Tawhid MA, Ali AF (2017) A Hybrid Flower Pollination and Genetic Algorithm for Minimizing the Non-Convex Potential Energy of Molecular Structure. Trends Artif Intell 1(1):12-21.

Accepted: September 25, 2017 | Published Online: September 27, 2017

A Hybrid Flower Pollination and Genetic Algorithm for Minimizing the Non-Convex Potential Energy of Molecular Structure

Abstract

Minimizing the molecular potential energy function is a real-life problem which can help to predict the three-dimensional structure of the protein by knowing its steady state of the molecules. In this paper, we propose a new hybrid algorithm by combining the flower pollination algorithm and the genetic algorithm in order to minimize a simplified model of the energy function of the molecule. The proposed algorithm is called Hybrid Flower Pollination and Genetic Algorithm. We use the flower pollination algorithm to balance between the exploration and the exploitation process in the proposed algorithm. Also, we divide the population into sub-populations and applying the arithmetical crossover operator in each sub-population in order to increase the diversity of the search in the algorithm. Further, we apply the genetic mutation operator in the whole population in order to avoid the premature convergence and avoid trapping in local minima. Moreover, we compare the proposed algorithm against 3 benchmark algorithms, in order to investigate its efficiency. The numerical experiment results show that the proposed algorithm is a promising and efficient algorithm and can obtain the global minimum or near global minimum of the molecular energy function of the simplified model with up to 200 degrees of freedom faster than the other comparative algorithms.

Keywords

Flower pollination algorithm, Genetic algorithm, Molecular potential energy function, Global optimization

Introduction

One of the important roles in the determination of ground states or stable states of certain classes of molecular clusters and proteins is to minimize their potential energy functions. In most cases, the potential energy function is nonconvex and therefore has many local minimizers; the minimization of the potential energy function is a very hard problem.

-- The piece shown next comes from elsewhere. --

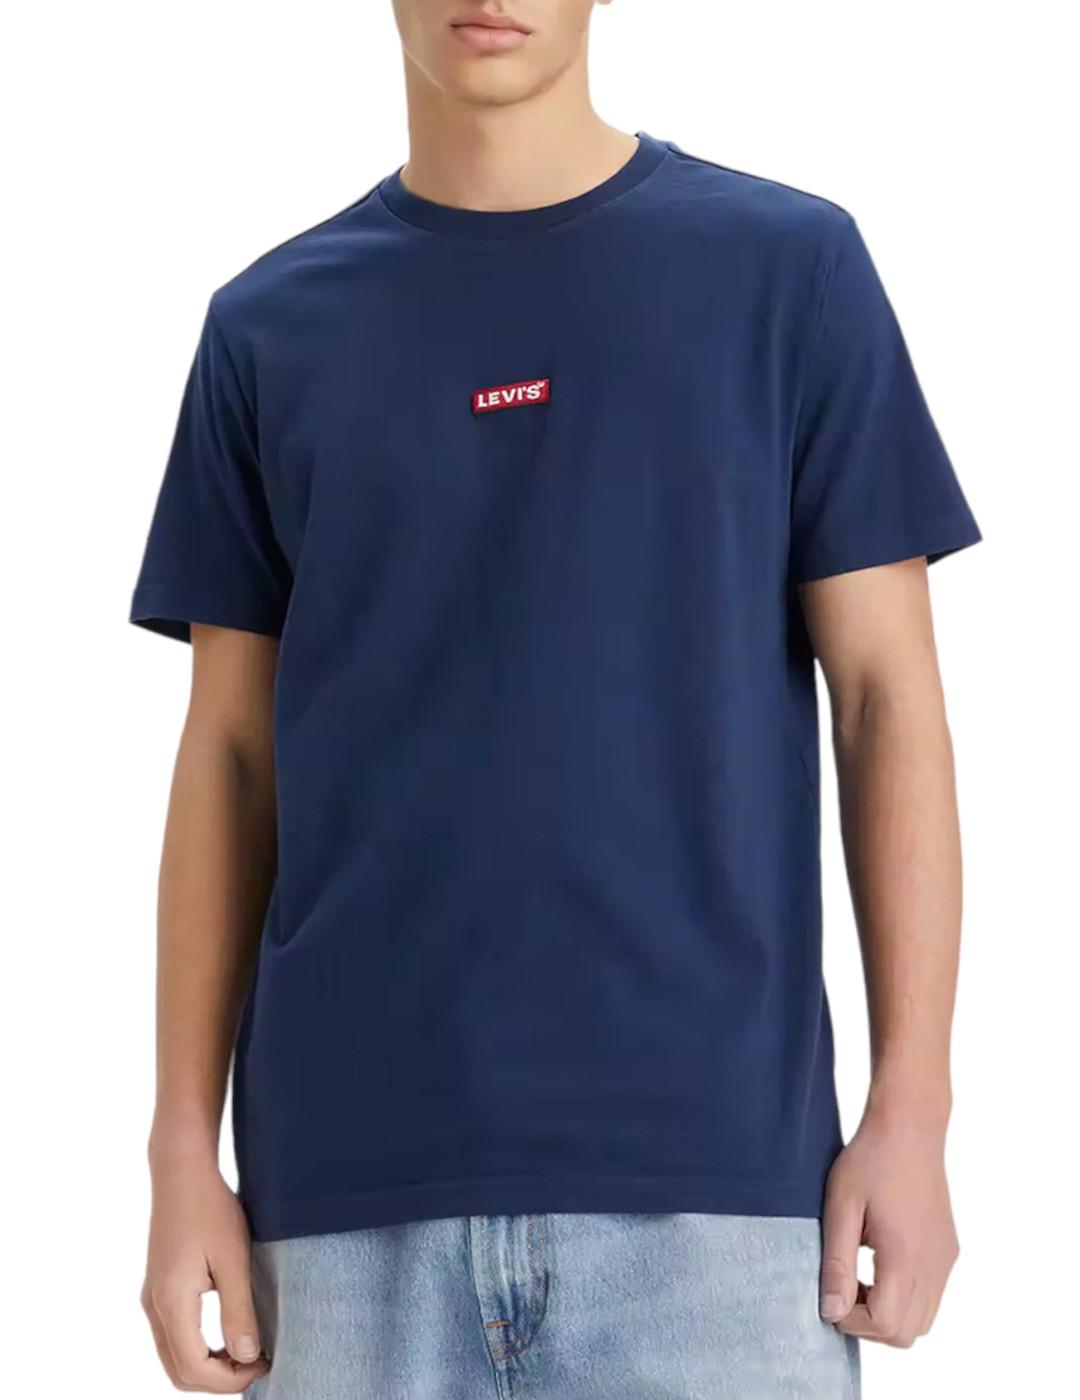 Levi's - Camiseta Levis Relaxed Hombre Azul Marino Cómoda Todo el Día

The minimization of the potential energy function problem can be formulated as a global optimization problem. Finding the steady state (ground) of the molecules in the protein can help to predict the 3D structure of the protein, which helps to know the function of the protein. The difficulty of the problem arises from the number of local minimizer of the energy function grows exponentially with the size the molecule [1].

Potential energy functions for proteins typically have multiple local minima whose number increases exponentially with the number of degrees of freedom [2,3]. Many researchers have suggested efficient function-minimization algorithms [4] in order to predict protein structure by exploiting protein-specific properties.

There are several effective methods for determining the native conformation of a protein using energy minimization, for example, the truncated Newton method [5] as well as a combination of the limited memory BFGS quasi-Newton and Hessian-free Newton methods [6], and smoothing methods [7]. However, few of these methods exploit similarities of sequence-related pairs of proteins. The authors in [8] applied Homotopy Optimization using Perturbations and Ensembles (HOPE) to find the global minimizer of the potential energy function associated with a particular protein model. These methods require the differentiability of the objective function. However, computing the Jacobian (derivative of the objective function) is a difficult and expensive operation. Also, the objective function might be no smooth. This is a motivation for many researchers to develop stochastic global optimization algorithms such as Swarm Intelligence (SI) algorithms. SI take inspiration from the behavior of a group of social organisms. These algorithms are applied to solve the energy minimization problem, for example, genetic algorithms [9-12] simulated annealing [3,13-15] random method [1,16-18] variable neighborhood search [19] Particle Swarm Optimization (PSO) (known as a stochastic swarm intelligence algorithm [20]).

This paper studies an approach based on flower pollination, namely Flower Pollination Algorithm (FPA) proposed in 2012 by Xin-She Yang [21] in order to solve the energy minimization problems. Although many researchers are applied the FPA to solve many optimization problems such as [22-27] it suffers from the premature convergence and it may get trapped in local minima especially when it applies to solve large scale global optimization problem such as the problem of minimization of potential energy function. In order to solve the problem of the premature convergence of the FPA, we propose a new hybrid flower pollination algorithm and genetic algorithm in order to solve the molecular potential energy function minimizations. The proposed algorithm is called Hybrid Flower Pollination and Genetic Algorithm (HFPGA). The proposed HFPGA algorithm is based on three mechanisms. The first mechanism is applying the flower pollination algorithm with its powerful performance with the exploration and the exploitation processes. The second mechanism is based on the dimensionality reduction and the population partitioning processes by dividing the population into sub-population and applies the arithmetical crossover operator on each sub-population. The partitioning idea can improve the diversity search of the proposed algorithm. The last mechanism is to avoid the premature convergence by applying the genetic algorithm mutation operator in the whole population. The combination between these three mechanisms accelerates the search and helps the algorithm to reach to the optimal or near optimal solution in reasonable time.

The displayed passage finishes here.